Já a apresentadora Hebe Camargo, segundo Daniele, que também falou mal dela no ar, se desculpou pessoalmente durante sua participação no programa. “Mas essa parte editaram. Depois, através de seu assessor, a Hebe enviou para a minha advogada, da época, R$ 200 mil. Vim de família humilde, acho que isso foi um pedido de desculpas. Mas nunca vi a cor desse dinheiro, a advogada nunca me repassou”, lamenta.

Daniele acredita que tudo que passou pode ter sido fruto de uma grande armação, já que ela havia denunciado um estudante de Medicina que a teria estuprado no mesmo hospital em que sua filha se tratava. “Ele era filho de um cara influente. Recebi pressão do hospital e ligação anônima pedindo para eu mudar o depoimento. Se me acusassem como assassina da minha filha, a história do estupro ia desaparecer.”
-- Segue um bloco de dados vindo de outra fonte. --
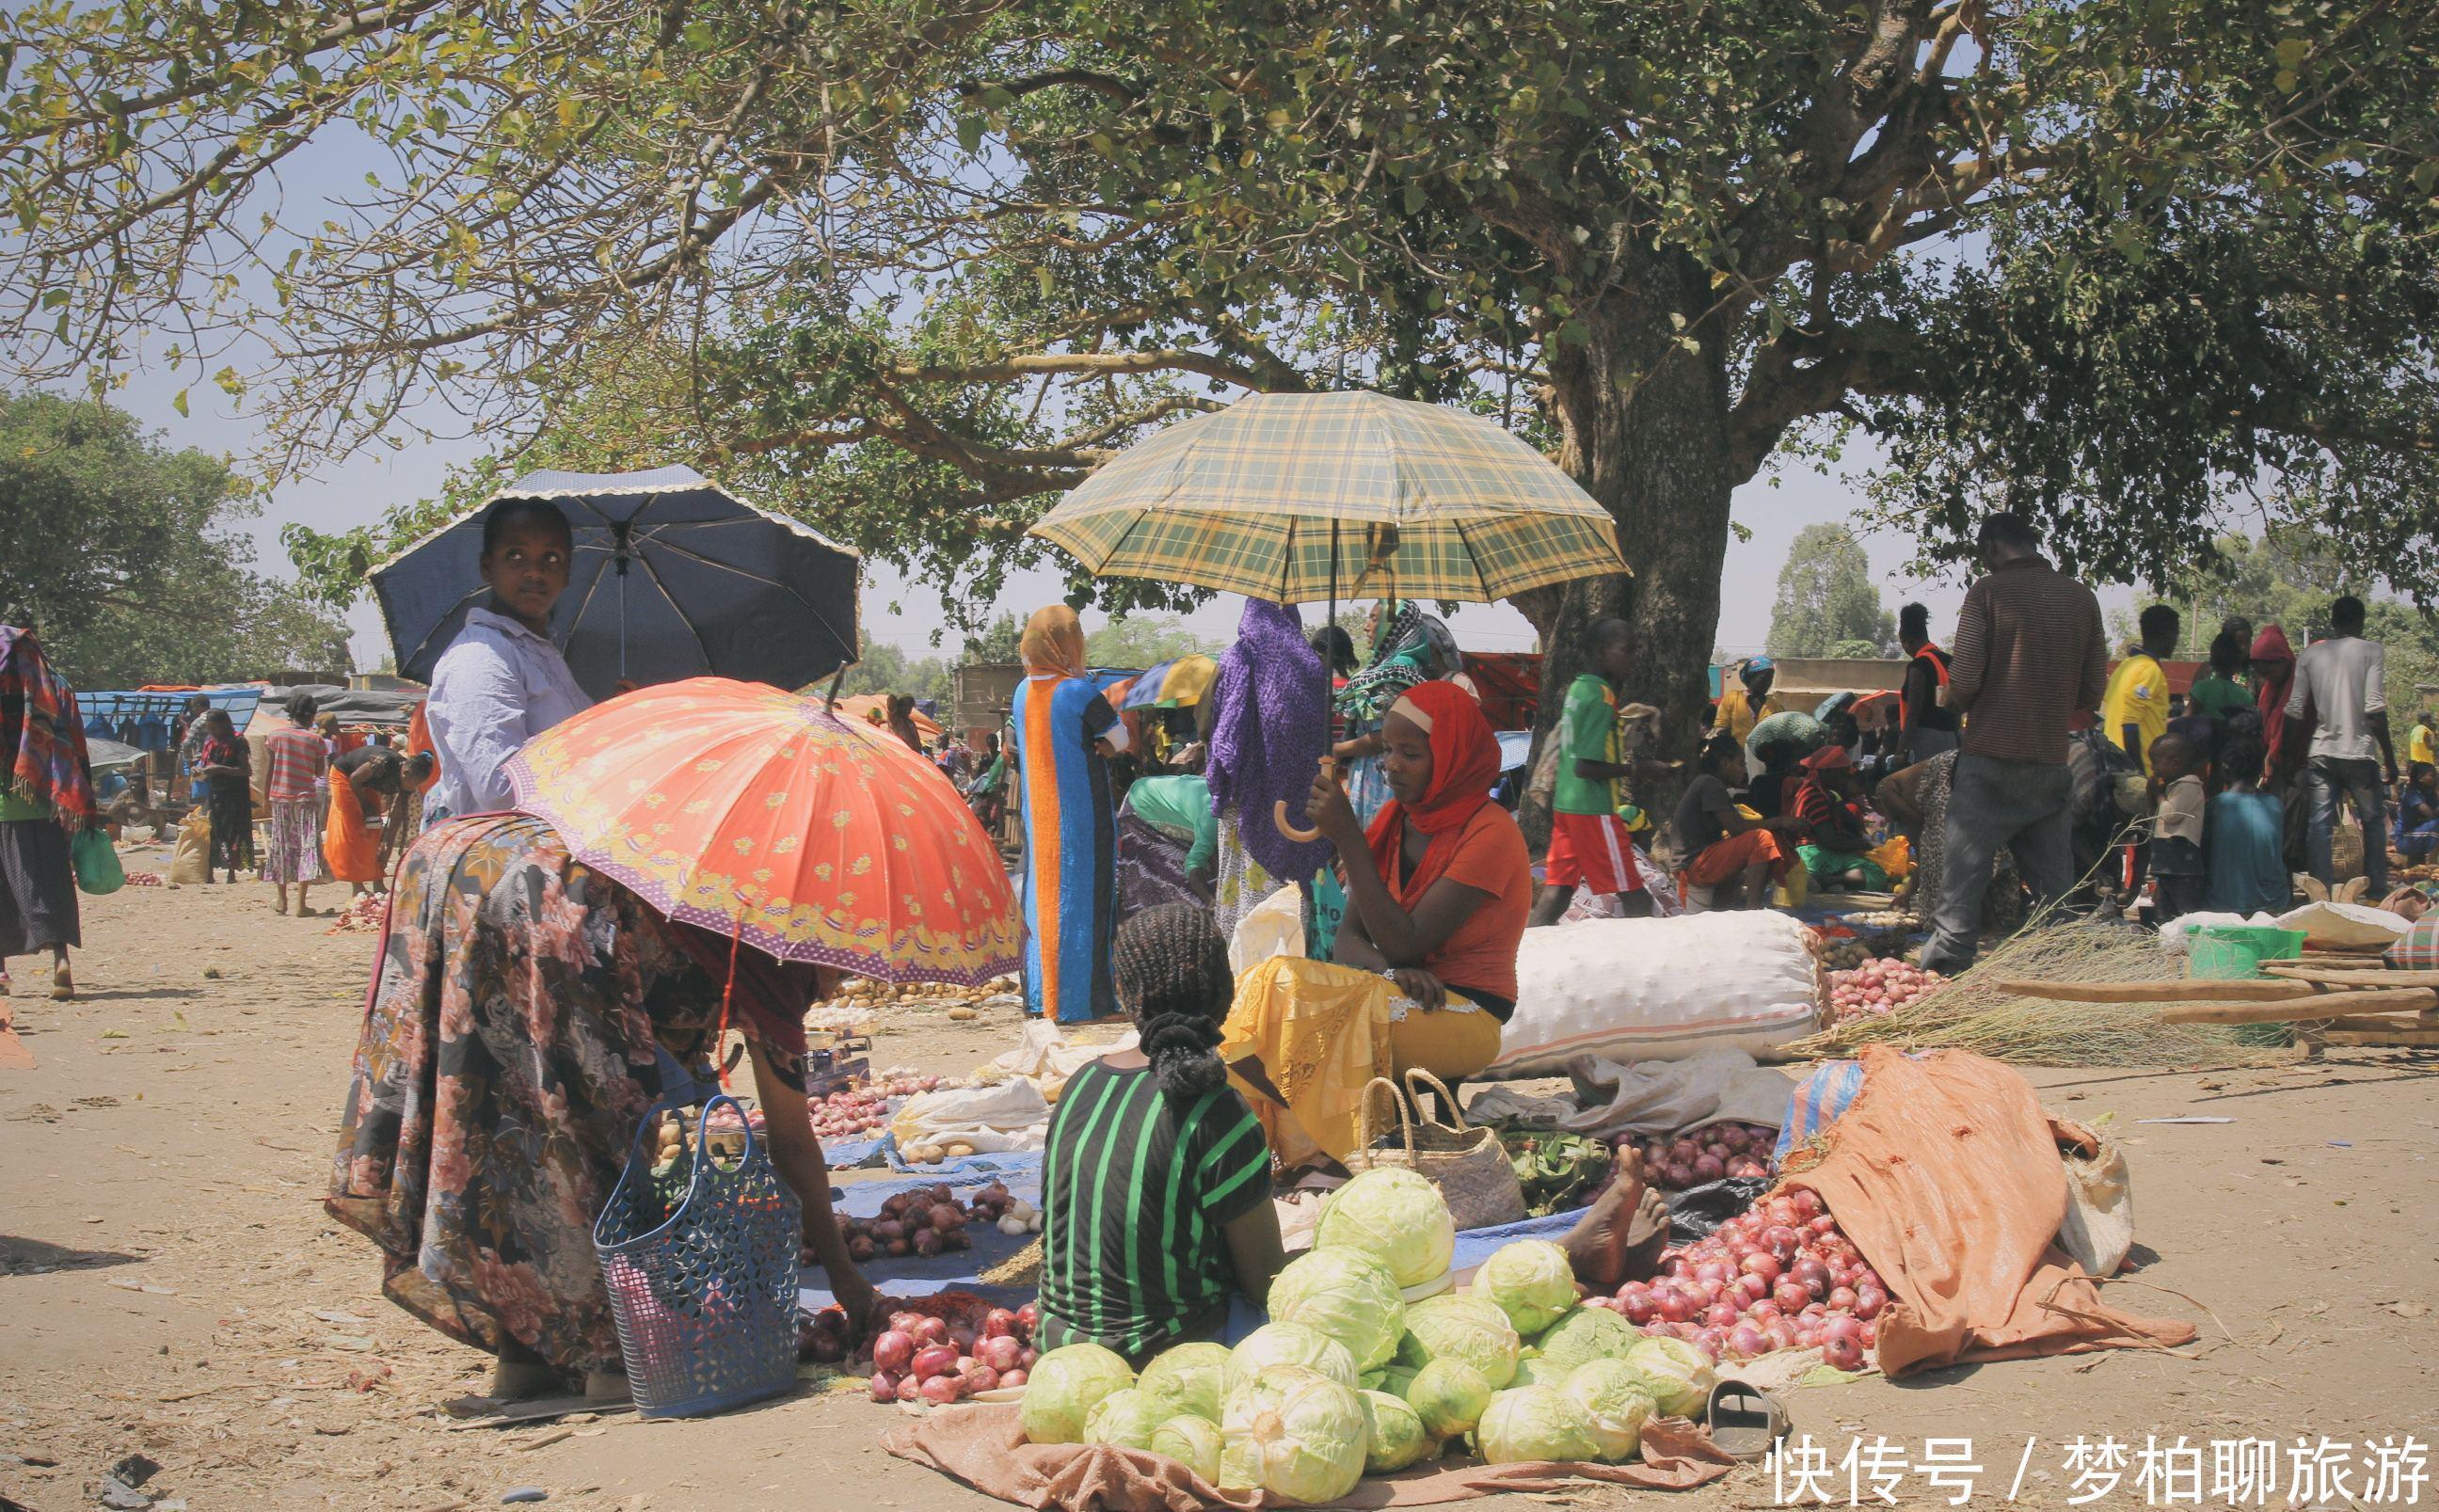 华人与非洲女子结婚后为何不带妻子回国呢当地人:留下比较好!

A vida social de Daniele, que mora com a tia-avó de sua filha, ainda é cheia de restrições. “Faz anos que não vou ao shopping. Tomo uma cervejinha muito raramente, mas em eventos dentro de casa. Tenho medo de sair por aí”, revela. Mas, se sua história virar filme, ela vai ter que enfrentar o assédio. E Daniele já tem uma eleita para interpretá-la: Vivianne Pasmanter. “Minha mãe dizia que eu me parecia muito com ela quando eu era mais jovem. Ela tem um rosto sério, acredito que possa fazer um bom papel”, diz.

O final feliz pode parecer estar longe de chegar, mas a autora tem fé. “O que mais doeu foi o fato de eu ficar sozinha na cadeia, sem ter com quem conversar. E os dias que sonhava com minha filha. Tentei me matar, mas hoje vejo que valeu a pena viver”, relata. “Fui presa apenas por um exame preliminar, julgada pela mídia, pelas pessoas. Podem ver minha história como triste, mas acho que minha vida é uma história de superação, para mostrar que as pessoas podem se reinventar e renascer das cinzas.”

TRECHO DO LIVRO

“Com a sola de um chinelo, martelaram toda uma caneta Bic no meu ouvido. A caneta quebrou dentro de mim. Eu sentia o sangue escorrendo quente pela minha orelha. Com o outro ouvido, escutava a gritaria das presas nas outras celas, fora de si, querendo morte. Tentei falar que não tinha feito nada. Ninguém ouvia.”